The Americans, like the Europeans, have an inventory of what they call “barriers” in the Philippine Constitution that they want the Arroyo regime to remove through constitutional amendments. Meanwhile, the Constitution will have to conform with the Jpepa, the Philippine-Japan agreement, not the other way around.
By ARNOLD PADILLA
(Second of two parts, read the first part)
MANILA — The United States remains a major source of foreign pressure to implement constitutional amendments in the Philippines and liberalize the economy. Among the foreign powers, the US continues to be the country’s most important trading partner, directly accounting for nearly 32 percent of our international trade (the figures are actually much higher if trade flows that pass through a third party such as the East Asian countries are taken into account) and 23 percent of net foreign direct investment flows.
While a list of the US’s official request to the Philippines under the General Agreement on Trade in Services (GATS) similar to the European Union request was never leaked to the public, a review of other official documents from the US government will give us an idea of which economic sectors the Americans want the country to liberalize through charter change.
Annually, the Office of the US Trade Representative (USTR) publishes the National Trade Estimate Report on Foreign Trade Barriers or the NTE. This document aims to provide an “inventory of the most important foreign barriers affecting US exports of goods and services, foreign direct investment by US persons, and protection of intellectual property rights.” Such an inventory is not simply an enumeration of impediments to US commodities and capital but will be used to facilitate “negotiations aimed at reducing or eliminating these barriers.” For the current Obama administration, opening up markets for American goods and services including through trade negotiations is a top priority and the NTE is an “important tool for identifying such trade barriers.”

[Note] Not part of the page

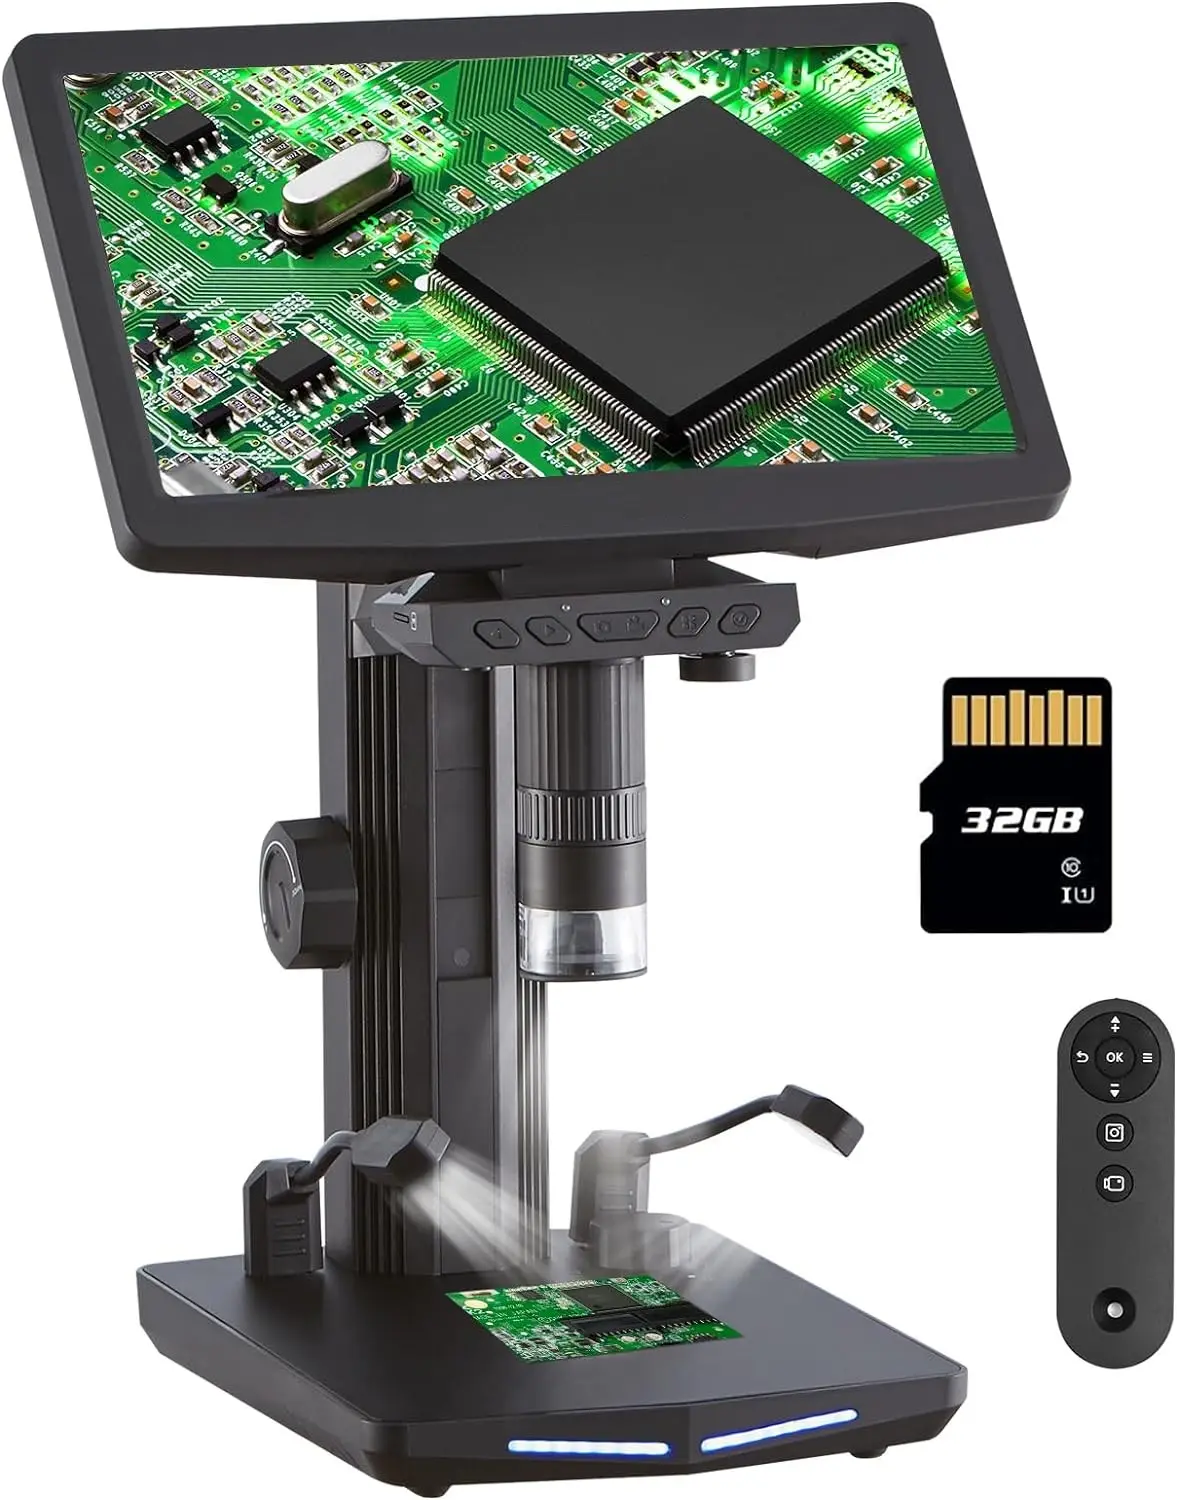 10.1 인치 IPS 스크린 디지털 현미경 10X-1300X 배율 1080P 동전 현미경, 10 개의 LED 조명이 있는 전자 현미경

The 2009 NTE report on the Philippines identified economic sectors or activities where there are significant barriers to US investments because of restrictions set by the 1987 Constitution. The following passages were directly lifted from the 2009 NTE chapter on the Philippines:
- The Philippine Constitution of 1987 limits the operation of certain utilities to firms with at least 60 percent ownership by Philippine citizens.
- The Philippine Constitution limits foreign ownership of advertising agencies to 30 percent. All executive and managing officers of advertising agencies must be Philippine citizens.
- The Philippine Constitution limits investment in certain sectors deemed to be utilities (including water and sewage treatment, electricity transmission and distribution, telecommunications, and transport) to firms with at least 60 percent ownership by Philippine citizens. All executive and managing officers of such enterprises must be Philippine citizens.
- The Philippine Constitution generally reserves the practice of licensed professions (e.g., law, medicine, nursing, accountancy, and engineering, architecture, and customs brokerage services) to Philippine citizens.
- The 1991 Foreign Investment Act contains two “negative lists” (List A and List B) enumerating the areas in which foreign investment is restricted. List A reflects foreign investment restrictions mandated by the Constitution or specific laws. The list includes sectors in which investment is reserved for Philippine nationals (e.g., mass media, small-scale mining) and sectors in which foreign equity participation is limited to a certain maximum share (e.g., natural resource extraction, where foreign equity is limited to 40 percent).
- The 1987 Philippine Constitution bans foreigners from owning land in the Philippines.